»»

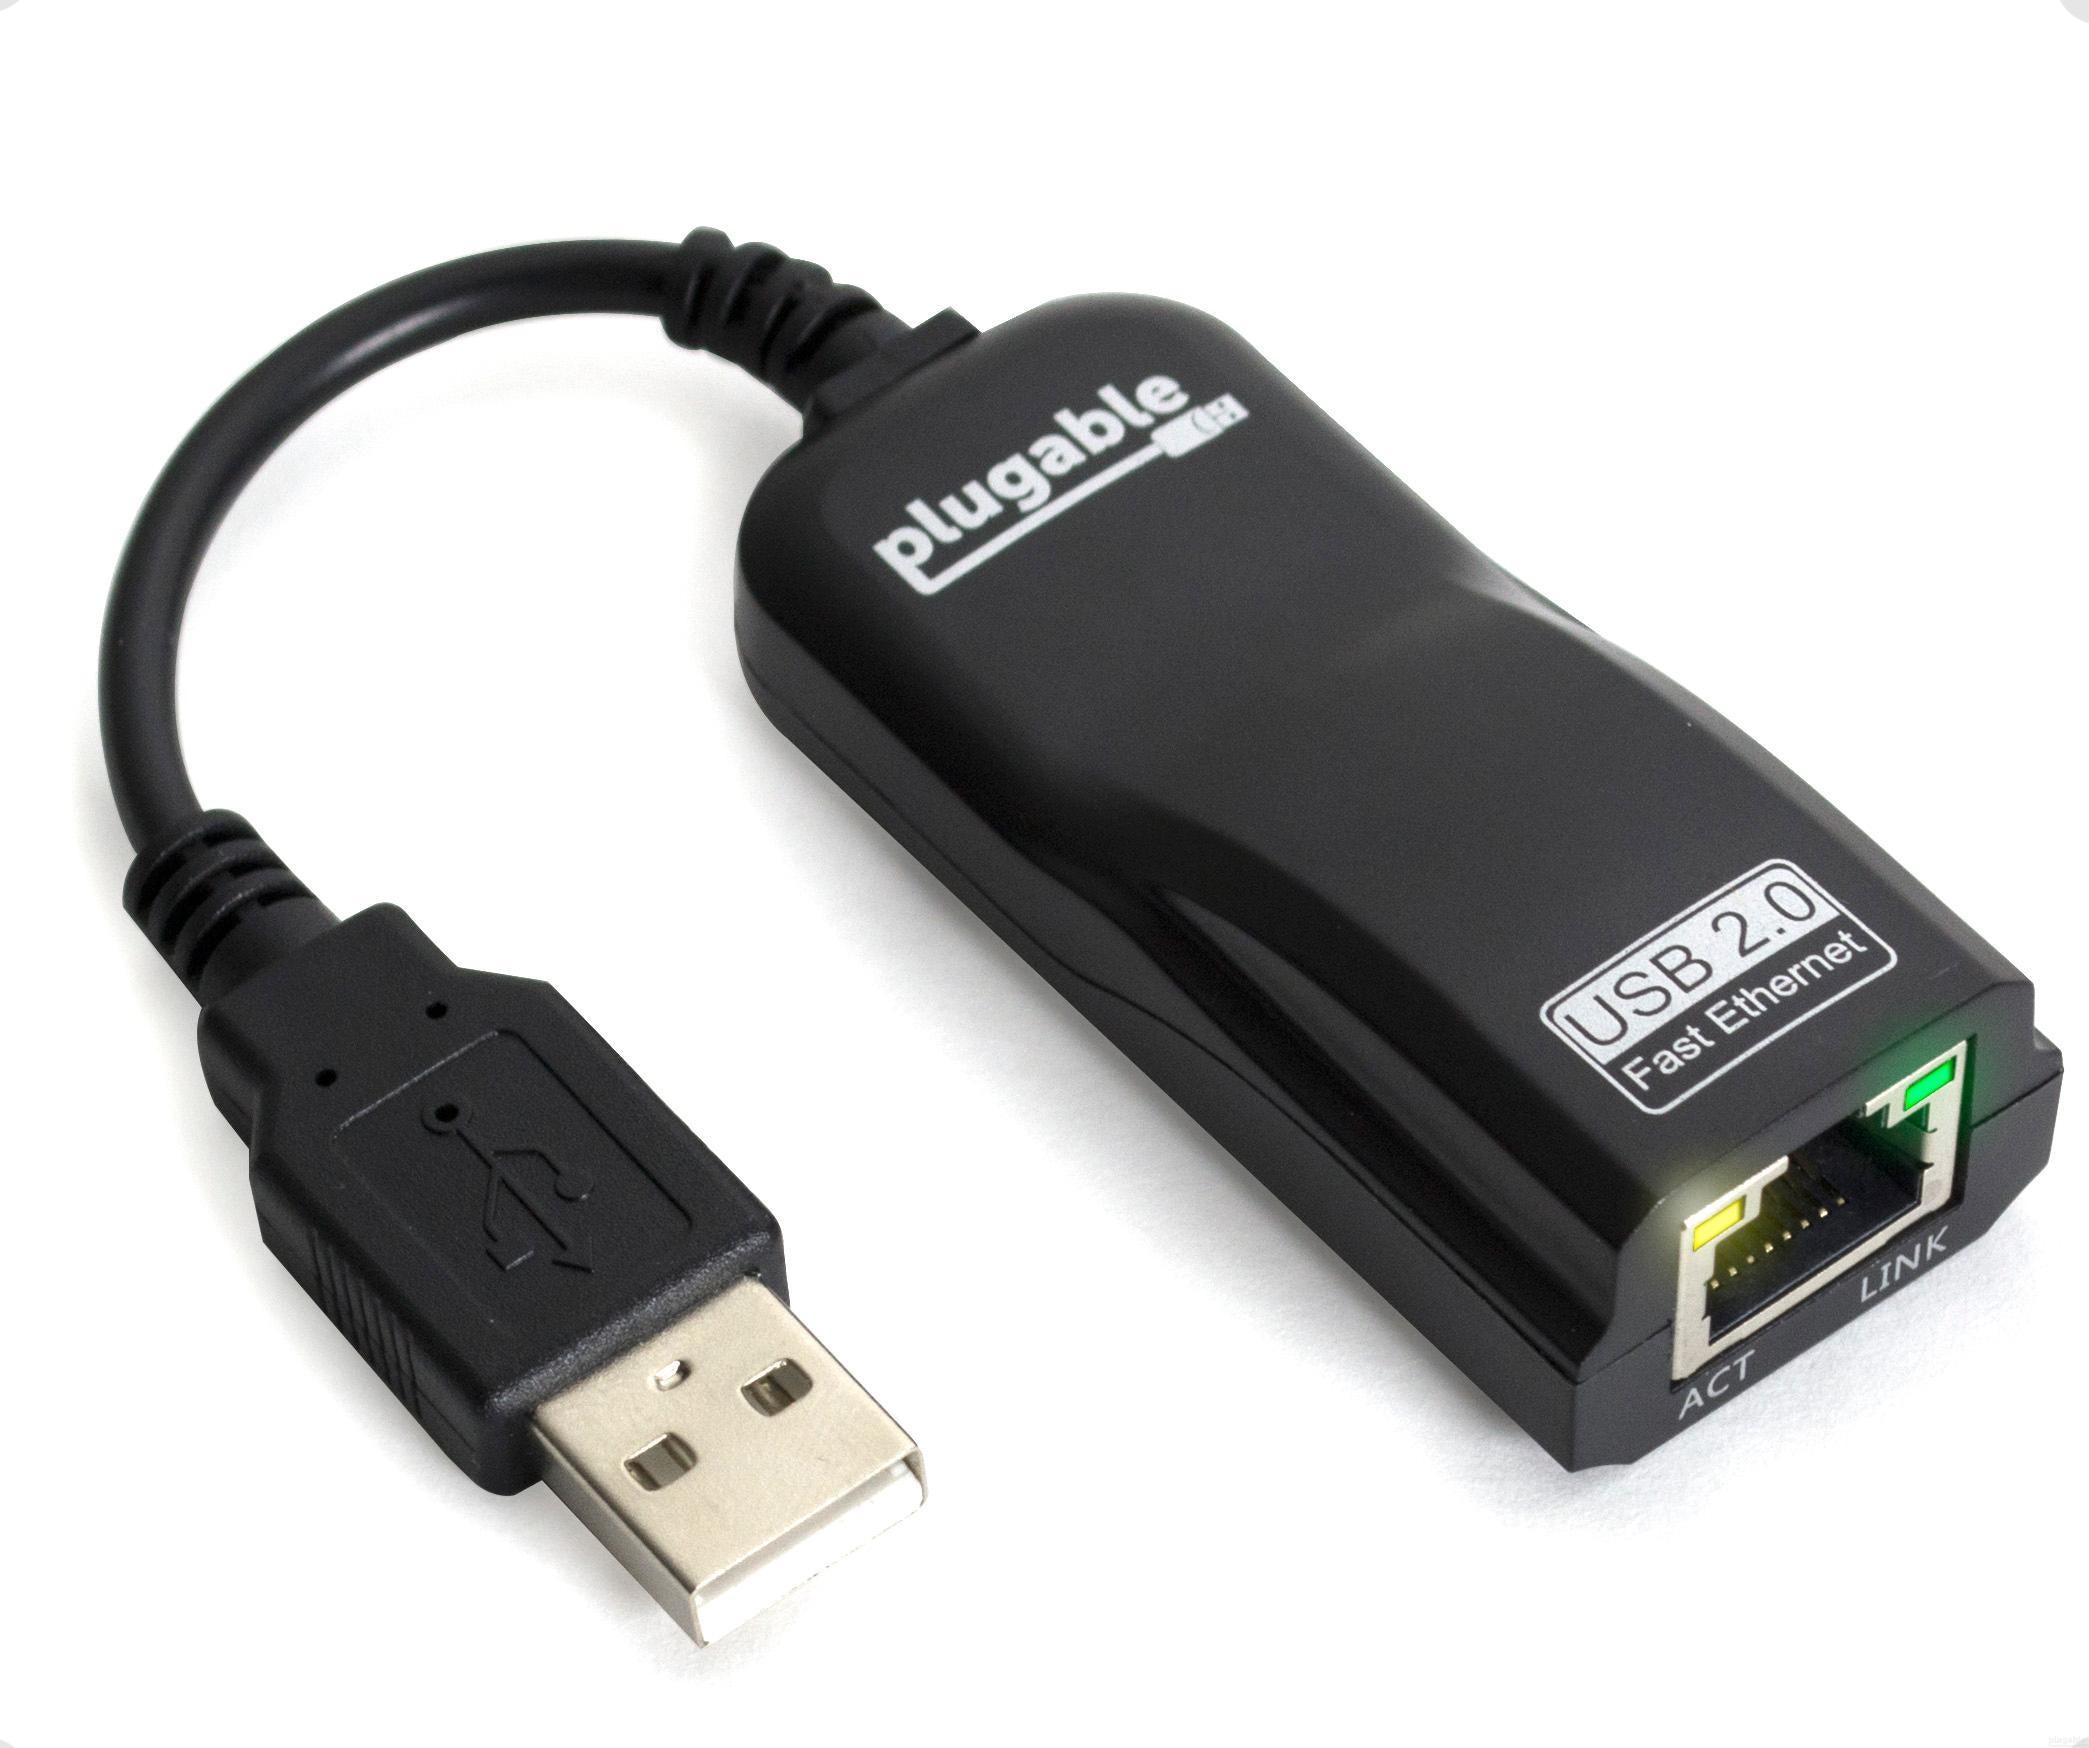 Plugable USB 2.0 10/100 Ethernet Adapter – Plugable Technologies
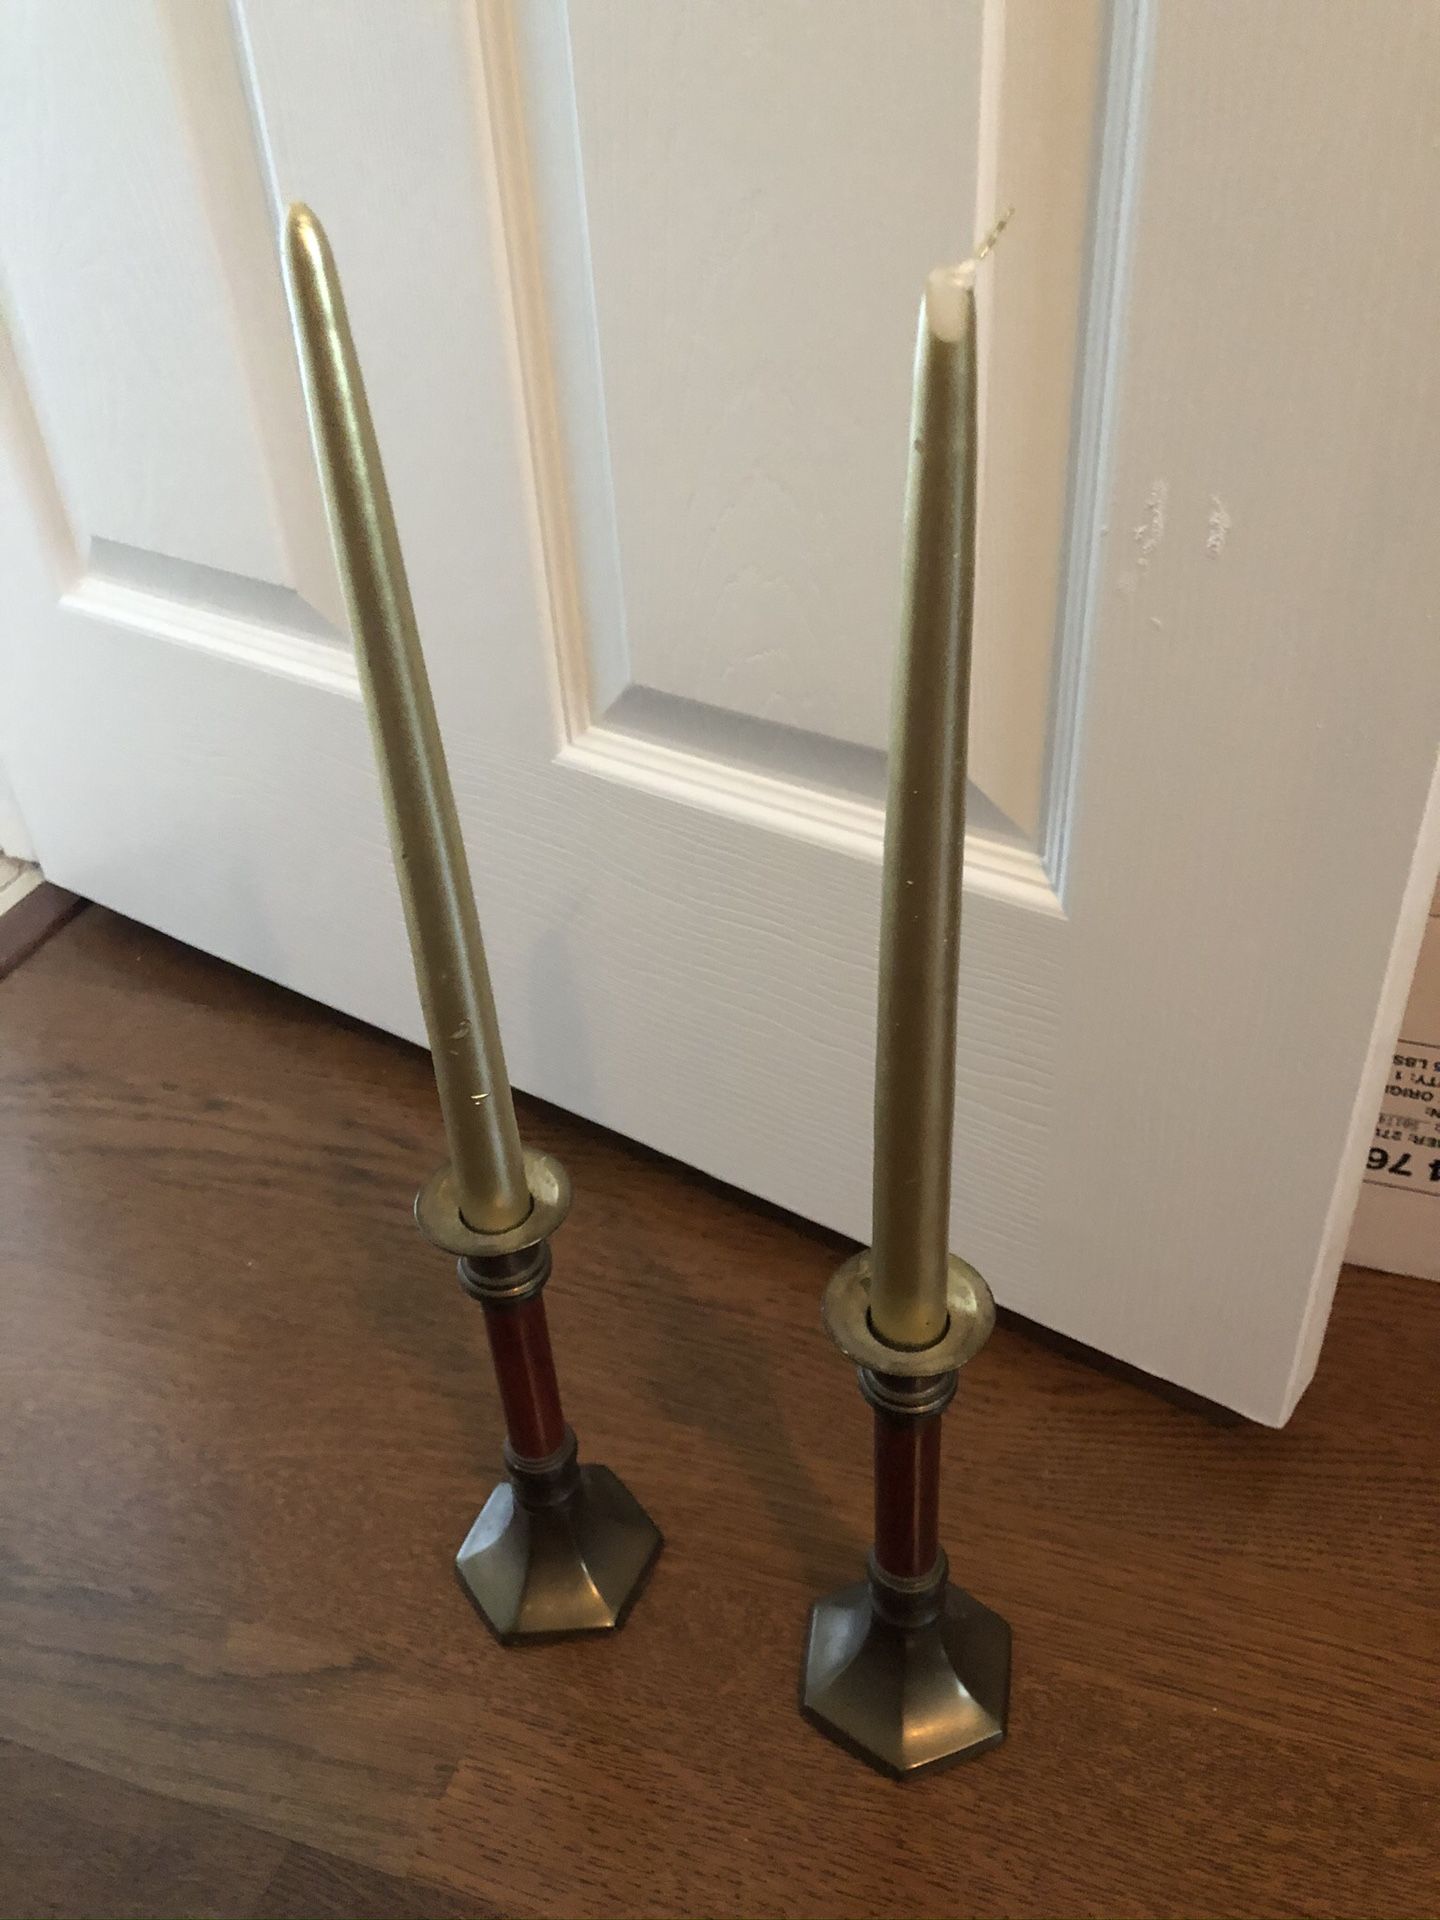 Set of gold/ maroon / olive candlesticks
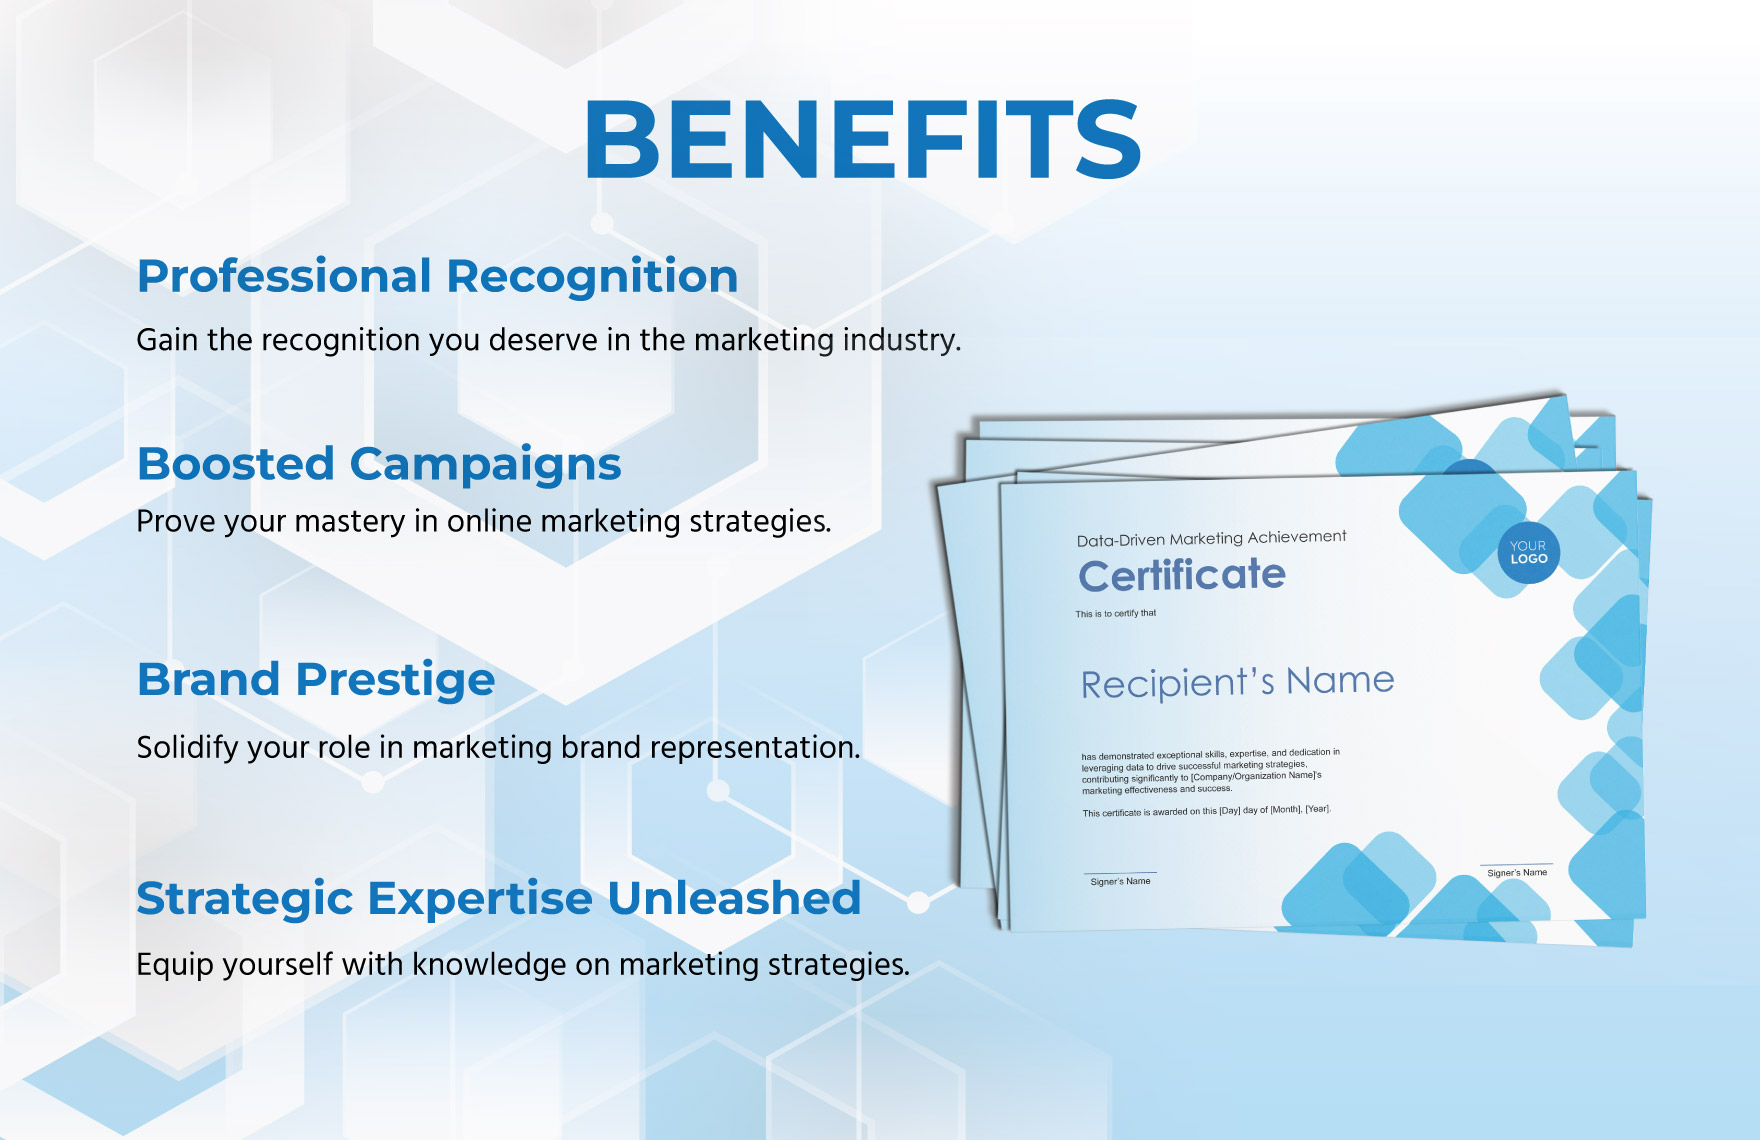 Data-Driven Marketing Achievement Certificate Template
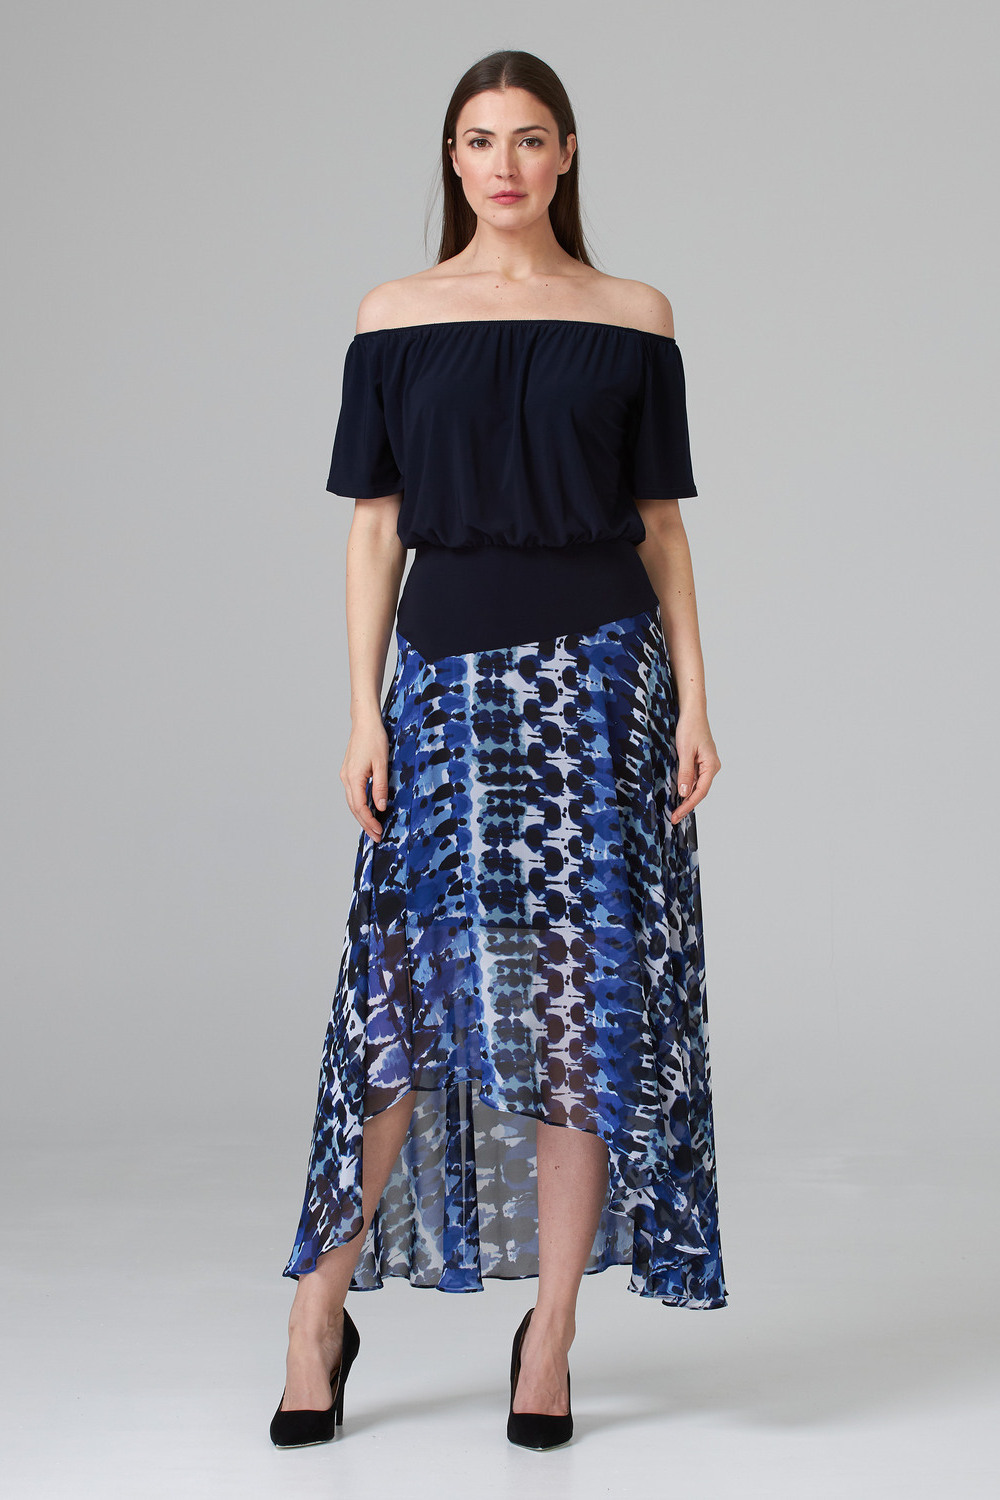 Joseph Ribkoff Dress Style 201443. Blue/black

««

> GOAL OF THE EXERCISE:
The listing above should be repeated word for word, pictures removed.

> COMPLETED EXERCISE:
 Plugable USB 2.0 10/100 Ethernet Adapter – Plugable Technologies
 Set of gold/ maroon / olive candlesticks
 Data-Driven Marketing Achievement Certificate Template
 Joseph Ribkoff Dress Style 201443. Blue/black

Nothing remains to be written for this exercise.